Error Correction Code protected Data Processing Units

More Info
expand_more

Abstract

The significant uncertainty associated with current nanodevices fabrication and operation, calls for a circuit design paradigm change, which ought to actively embrace the inherently nanodevice unreliability to generate overall circuit architectures able to perform reliable computation. While for data storage units viable solutions exist, Data Processing Units (DPUs) are not amenable to a similar line of reasoning. The typical approach undertaken for fault-tolerant DPUs relies on modular redundancy (e.g., spatial, temporal), which while being effective from an error tolerance perspective, generally involves high area and/or performance impairments. This paper proposes a generic methodology to obtain reliable DPU implementations built with unreliable components by intimately intertwining Error Correcting Codes (ECCs) codecs with the DPU functionality. The ECC protected DPU architecture is derived cluster-wise with area and reliability constraints, by exploiting dependence relations (logical and w.r.t. shared area) between internal signals pertaining to the DPU and the ECC codec.
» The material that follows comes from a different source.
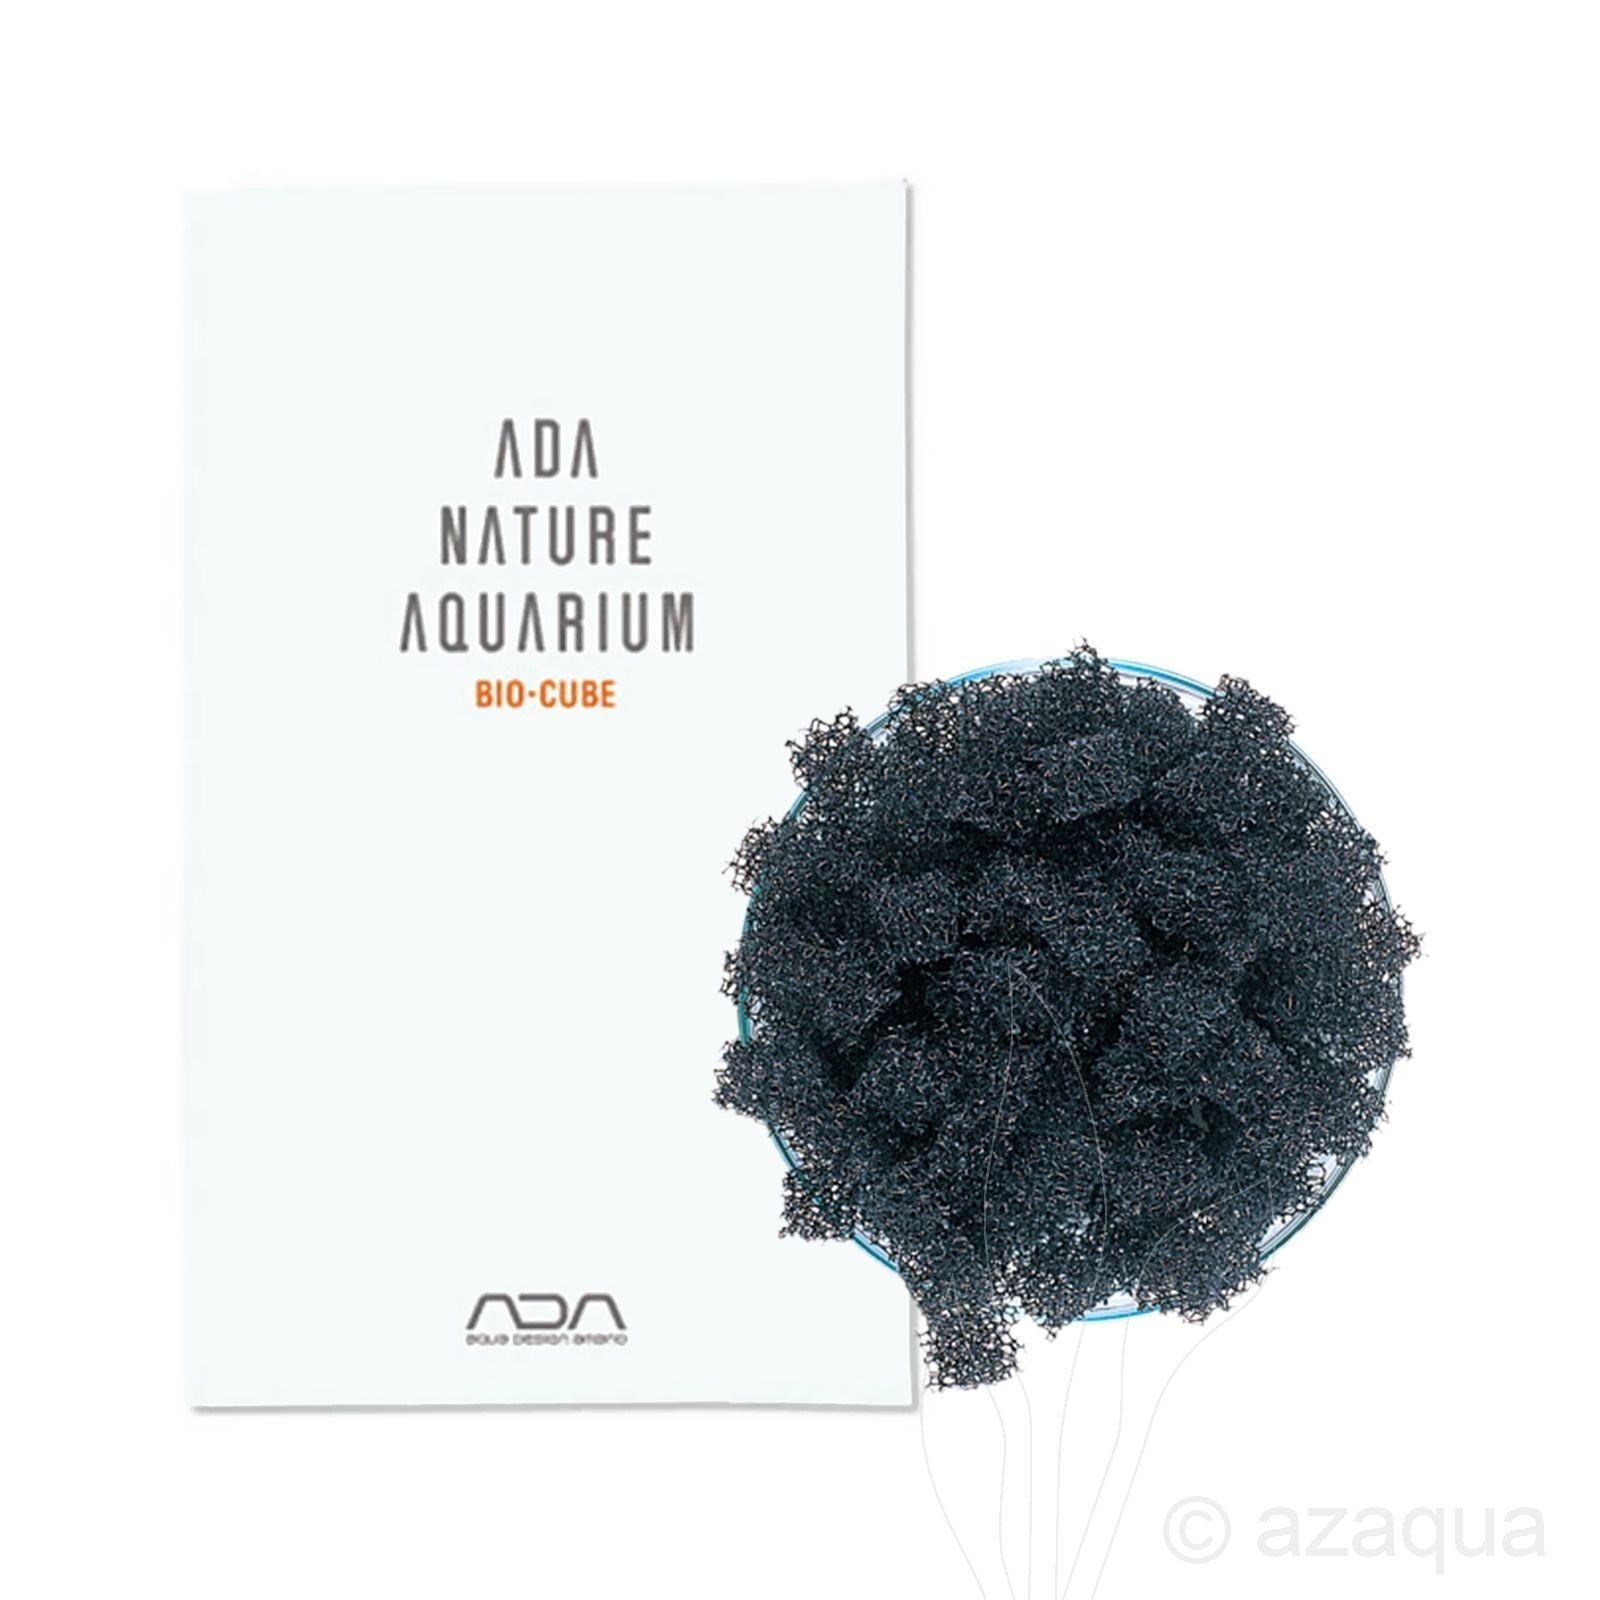 ADA Bio Cube - biologisch filtermateriaal voor het aquarium

To evaluate the error rate and performance implications, a multitude of test corners were considered (e.g., gate criticality, ECC type and structure, faulty and low complexity decoder, time-space redundancy) for an ECC protected 6-bit adder architecture. Simulation results reveal that the ECC embedding approach can be effective from both error rate and area perspective, for the Pareto designs with performance figures of merit situated in-between consecutive modular redundancy based design corresponding curves. The proposed approach is generic from the coding point of view, scalable, and enables a fine grained control of the DPU desired reliability degree and area overhead.